Dan and I grazed this subject in our paper when we said, among other things, "The fact is that U.S. labor and Chinese labor are better characterized as complements in a transnational production supply chain rather than competing substitutes in a zero-sum world. That is a relatively new reality of international commerce that trade policy, trade negotiations, and too many trade commentators have yet to fully grasp." I also rubbed up against the issue when I noted how Ford Motor Company was ripping seats out of its imported vans in order to secure preferential tariff access and proclaimed that "protectionists play Atari 2600 while the world now plays Wii."
Well, Ikenson's new paper takes a much deeper look at the relatively new phenomena of foreign investment and integrated supply chains and their impact on not only old school protectionism, but also classic trade negotiations based on reciprocal market-opening "concessions":
During the past few decades, a truly global division of labor has emerged, presenting opportunities for specialization, collaboration, and exchange on scales once unimaginable. The confluence of falling trade and investment barriers, revolutions in communications and transportation, the opening of China to the West, the collapse of communism, and the disintegration of Cold War political barriers has spawned a highly integrated global economy with vast potential to produce greater wealth and higher living standards.There's plenty more of that great food for thought in Dan's paper, so go read the whole thing here.
The factory floor is no longer contained within four walls and one roof. Instead, it spans the globe through a continuum of production and supply chains, allowing lead firms to optimize investment and output decisions by matching production, assembly, and other functions to the locations best suited for those activities. Because of foreign direct investment, joint ventures, and other equity-sharing arrangements, quite often "we" are "they" and "they" are "we." And because of the proliferation of disaggregated, transnational production and supply chains, "we" and "they" often collaborate in the same endeavor. In the 21st century, competition is more likely to occur between entities that defy national identification because they are truly international in their operations, creating products and services from value-added activities in multiple countries. There is competition between supply chains, but only after there is cooperation and collaboration within supply chains.
But trade and investment policy has not kept pace with these remarkable changes in commercial reality. Our globally integrated economy requires policies that are welcoming of imports and foreign investment and that minimize regulations or administrative frictions based on misconceptions about some vague or ill-defined "national interest." To nurture the promise of our highly integrated global economy, governments should commit to policies that reduce frictions throughout the supply chain–from product conception to consumption–as well as in the flow of services, investment, and human capital.
One final note: once you understand the cool phenomena that Dan lays out, you're going to start noticing that instances of globalization confounding protectionist shenanigans have become very common. For example - and not to pile on Senator Schumer (although it's often hard to resist) - the Peterson Institute's Jacob Funk Kirkegaard noticed last month that the good Senator received quite the smackdown by today's economic realities when he tried to protest a Texas wind energy project that used Chinese turbines paid for by Stimulus* dollars:
The issue of from where and when the government assistance comes in, Senator Schumer seems a little astray on his fixation with China.

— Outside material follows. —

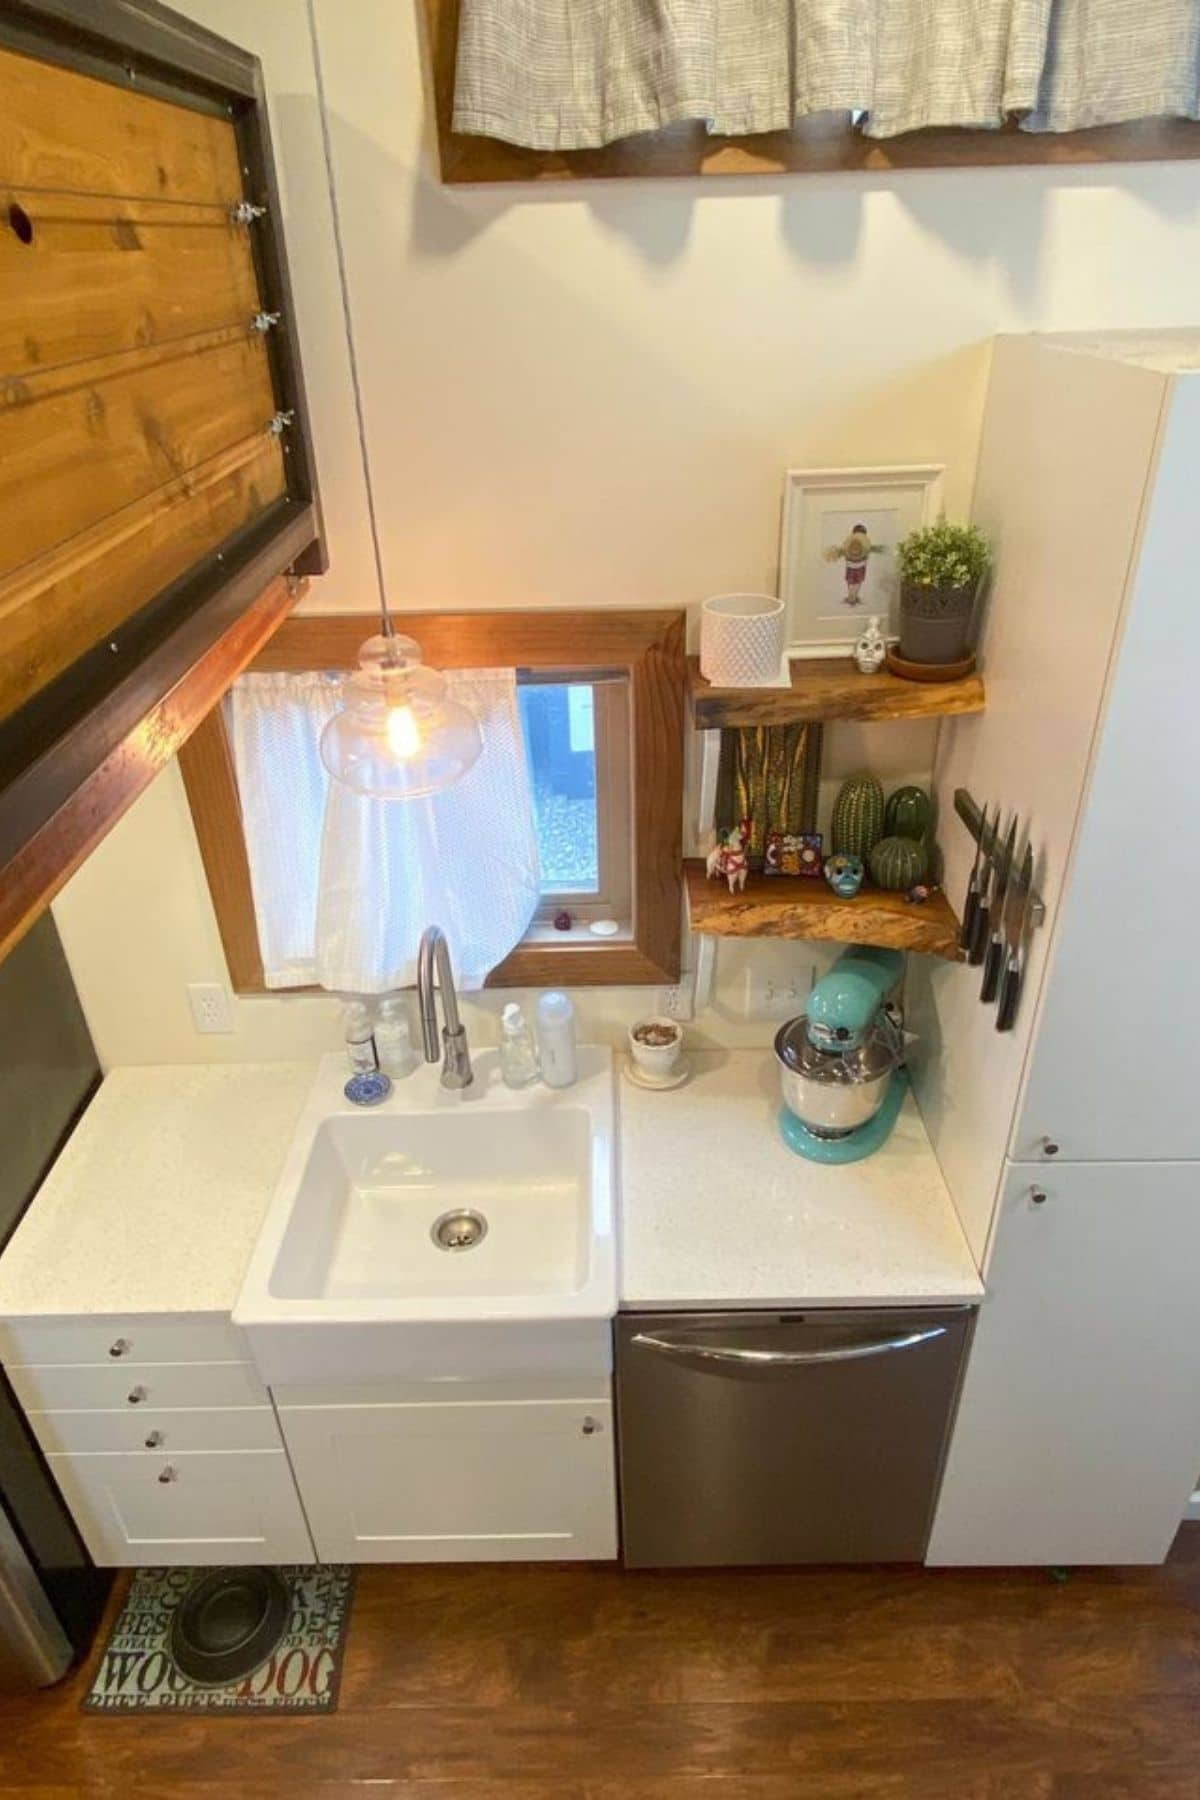 White sink next to stainless steel dishwasher

The turbine in question—A-Power’s 2.5 megawatt turbine—is German technology, not Chinese, produced by the German company Fuhrländer, from which A-Power licensed it in 2007. The wonders of globalization make it even more complicated than that. In March, A-Power entered into another joint venture, that one 75 percent owned by none other than the US company GE Drivetrain, to operate a wind turbine gearbox assembly and testing plant in Shengyang.
Therefore, the gearboxes going into A-Power’s Chinese-made turbines that are heading to Texas will be produced by an entity majority-owned by the US corporation GE Transportation and hence US technology.
Such economic revelations make Schumer's simplistic jingoism seem downright silly. However, I must admit that I feel a tad sorry for the Senator and other antiquated politicians like him. I mean, it must be really tough on them when one of their go-to political moves becomes totally obsolete and often self-defeating.
(Ok, ok, I don't feel sorry for them.)
1 comment:
I read the paper earlier today and it's very well done. I also noticed that the part about the ipod is pulled straight out of Mad About Trade.